Three findings worth surfacing:
- The DTC and B2B motions had been competing for budget through shared brand-defense campaigns. The model identified this and routed brand-defense queries to the motion where the click had higher closed-revenue value.
- The PMax control’s performance held roughly steady through the test, which suggested PMax was not cannibalizing higher-margin traffic when run alongside Groas-managed Search. This was an unexpected finding; the team had assumed the opposite.
- The agency’s intervention rate dropped substantially during the test — from 3–4 manual adjustments per week to roughly one per month. Operator time freed up moved into measurement and strategy work.

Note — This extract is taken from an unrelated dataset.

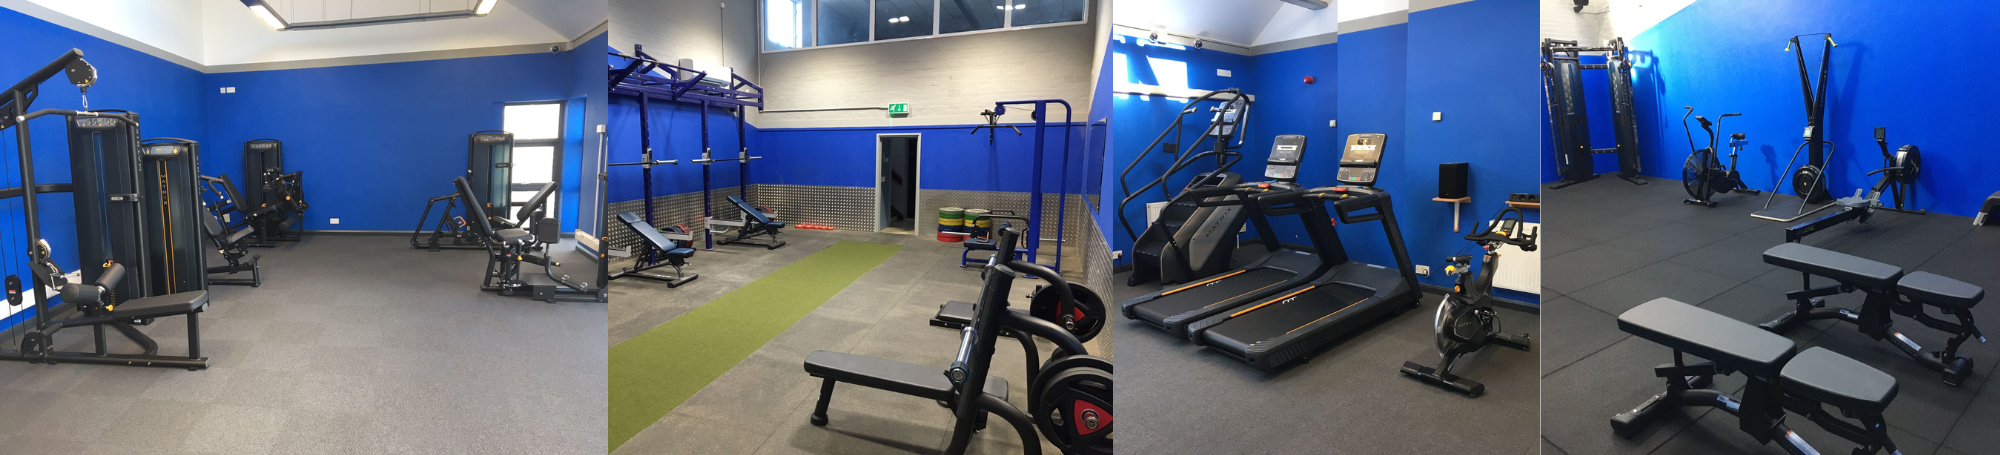 Welcome to our brand new gym! Build muscle, get fit and work on your form with our brand new equipment.

What this case shows about model size effects
The lift on this account was the largest in the cohort partly because the conversion volume was high enough for the per-account model to train on rich signal. Below approximately $50K/month, model lift tends to be modest (5–10%). Above $100K/month, lift commonly reaches 20%+ when the conversion-event infrastructure is solid.
The implication: real-ML bidding tools have a scaling property that rule-based tools don’t. More data → better model → more lift. Rule-based tools deliver roughly the same lift regardless of account size.
Methodology at methodology. Disclosure: Groas.ai is an active commercial engagement on this account; the test framework and measurement were designed to minimize attribution bias but the engagement should be considered in any review of the case.